Octant designs and builds hundreds to thousands of genetic programs at a time, and engineers them into human cell lines. Each engineered line is designed to test a particular drug target, which if activated, turns on the expression of an engineered genetic barcode. The cell lines are mixed, drugged, and all the barcodes are measured at once using next-generation sequencing.
In each platform run, the company uses high-throughput chemical synthesis and screening to test thousands of drugs against these libraries per run and has built experimental and computational pipelines to generate and analyze these datasets routinely.
Octant uses the power of this platform to answer two key questions. 1) what are the subtle combinations of receptors and pathways that, when drugged, are able to treat disease safely and effectively? 2) How do we rationally engineer new drugs that are programmed to modulate these complex multi-target profiles?
The Octant platform has increased output >100x, enabling them to rapidly experiment and build novel, differentiated compounds customized for more complex target profiles, including several with potencies equal or better than existing compounds that Merck and Pfizer took to the clinic.
Over the past 9 months, the company synthesized 145k compounds, revealing 4 compounds that demonstrated in vivo efficacy in mice in addition to many functional in vitro leads in their drug program focused on treating retinal pigmentation.
As an anecdote demonstrating the team’s character and ability to move quickly, when they realized a portion of their platform could be repurposed to help with early covid detection efforts, they quickly developed a novel protocol and made it freely available. This effort later evolved into a partnership with Ginkgo Bioworks that has since concluded.
Over the next 18 months, the company will be focused on expanding their platform and advancing leads from multiple programs to the clinic stage. They also plan to explore growth and revenue opportunities connected to partnerships with large strategics.
Global Drug Discovery Services is an $11B+ market, projected to reach $21B by 2025.
Since 2007, the price of sequencing DNA has dropped 100,000-fold. There has been similar progress in gene synthesis and engineering, as well as in the computation techniques required to understand the resulting huge datasets. This confluence of rapid progress enables a single person to conduct biological experiments at scales that were recently impossible, even at the world’s largest laboratories, which in turn drives the growth of the global drug discovery services market. The Octant platform uses these new technologies at unprecedented scale to systematically map how chemicals interact with drug targets and the major pathways that control physiology at the cellular level, and build novel drugs tailored suited to critical targets identified.
Octant has assembled a highly experienced, multidisciplinary team with expertise spanning synthetic biology, genomics, and computer science.

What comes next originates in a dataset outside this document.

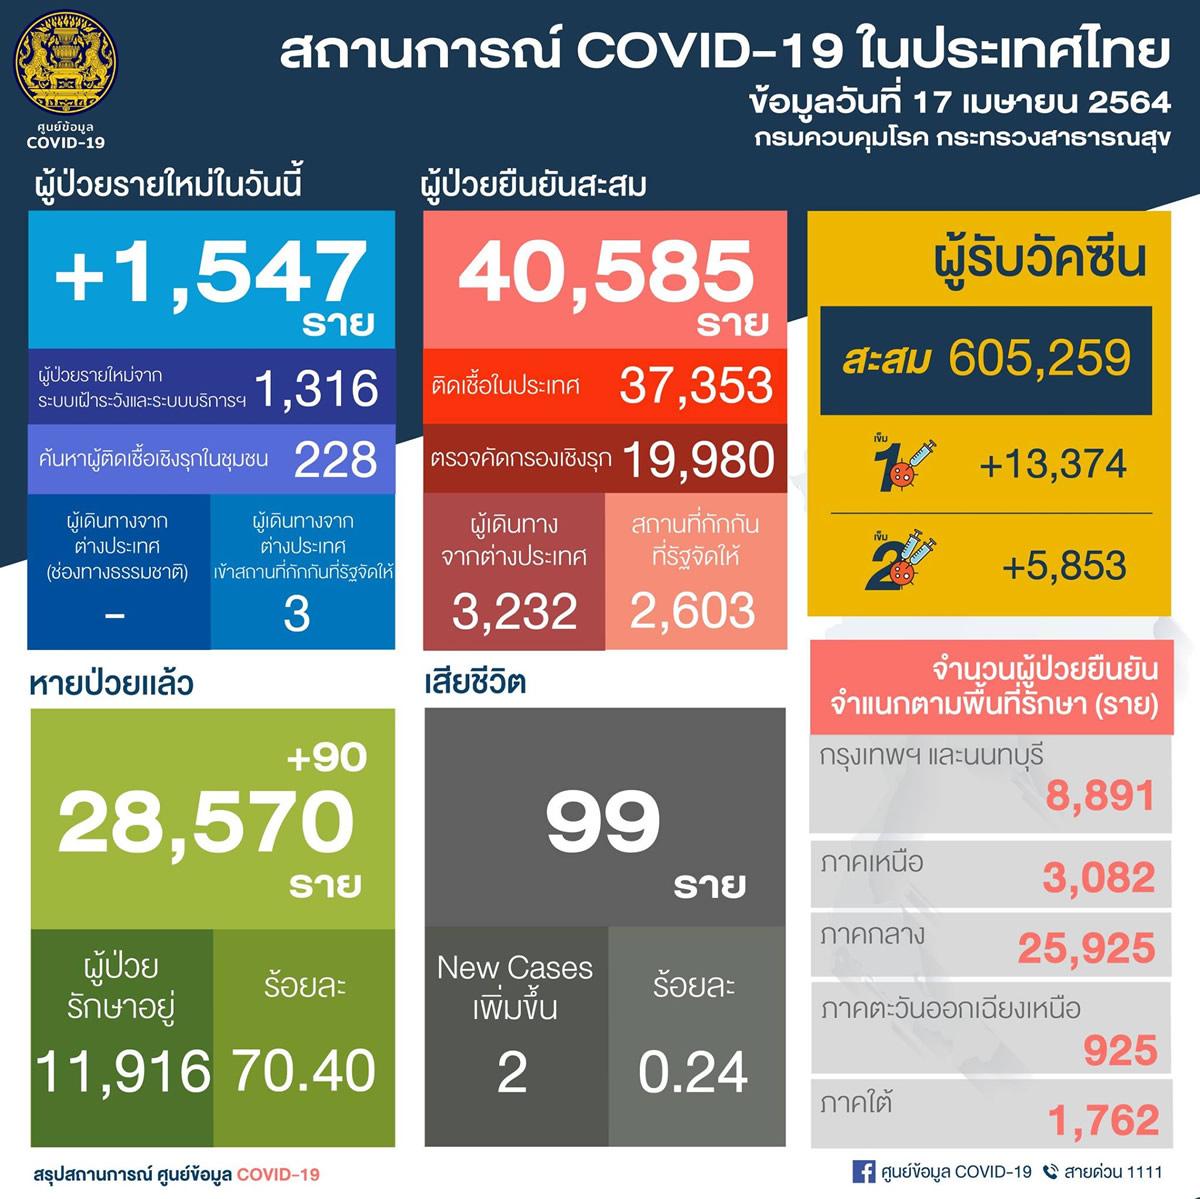 新規タイ国内感染は1,544人/バンコク279人 チェンマイ140人など[2021年4月17日発表]

CEO Sri Kosuri is a tenured Professor at UCLA in the Chemistry and Biochemistry Department and one of the leading synthetic biologists in the world. He previously worked at the Wyss Institute as well as Harvard, as part of George Church’s lab, and is an MIT and Berkeley graduate.
Co-founder Ramsey Homsany was an executive at Dropbox during its ascent to 500M+ users and a $1B+ revenue run rate. Prior to Dropbox, Ramsey was a VP at Google and tech attorney at Wilson Sonsini Goodrich. He studied Chemical and Biochemical Engineering at Rutgers and followed by NYU Law.

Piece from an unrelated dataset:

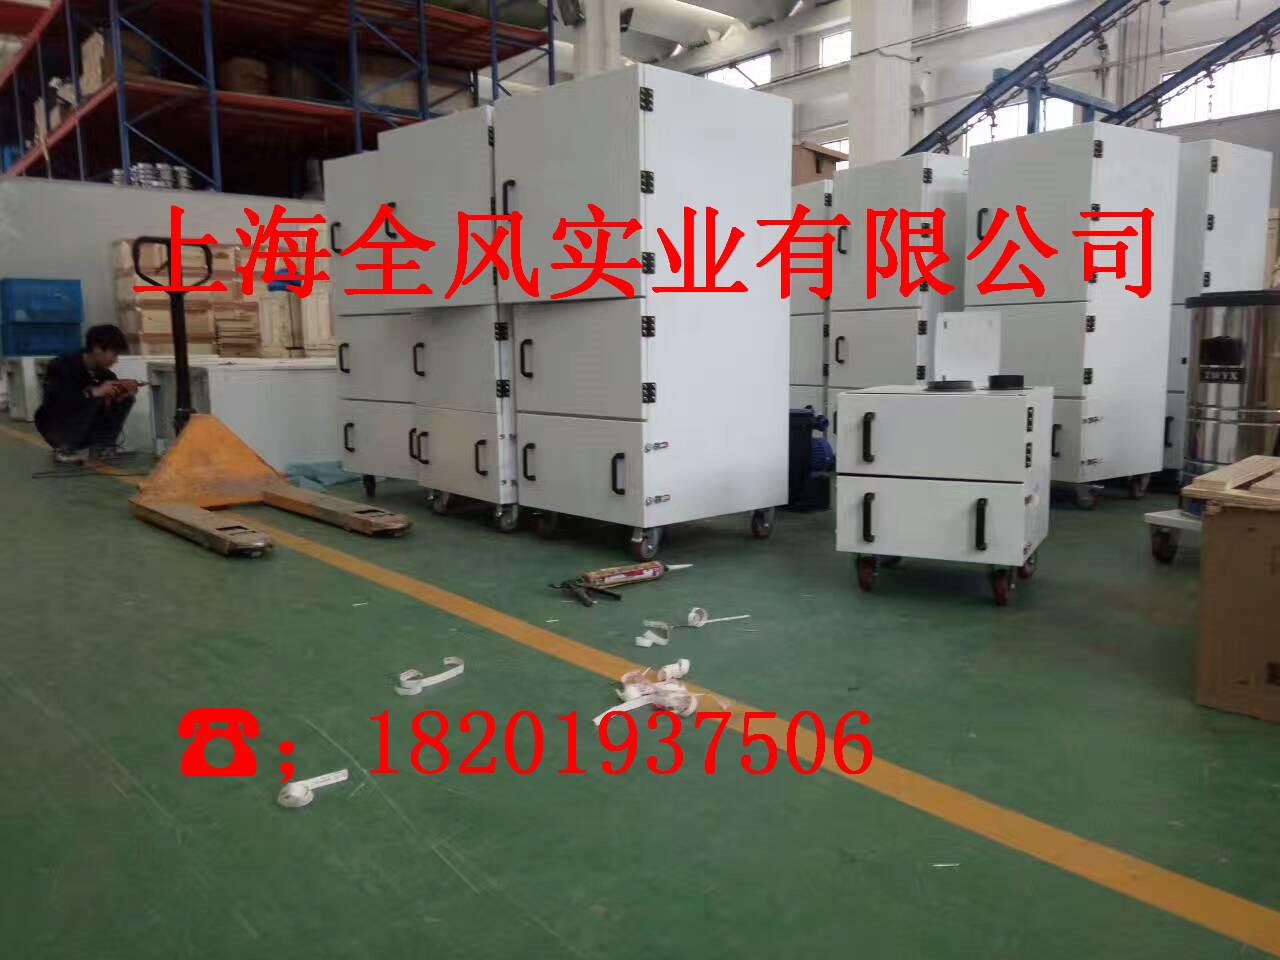 八,磨床吸尘器是采用380v三相电源工作的,使用时间长,可以连续工作长

The company’s impressive scientific and advisory board includes Vijay Pande (a16z), Hosea Nelson (Caltech Professor of Chemistry), Charles Zuker (Columbia Professor), and Debora Marks (Harvard Professor of Systems Biology).
In early 2022, Octant raised an oversubscribed $100M Series B, led by Catalio Capital, and with participation from Series A lead, Andreessen Horowitz (Facebook, Airbnb, Stripe). Notable existing investors include 8VC (Asana, Palantir, Hims, Guardant Health), Lux Capital (Enveda, Auris Health, Cerulean Pharma, Kala Pharmaceuticals), SV Angel (Google, Stripe, Coinbase), Fifty Years, and Bioverge.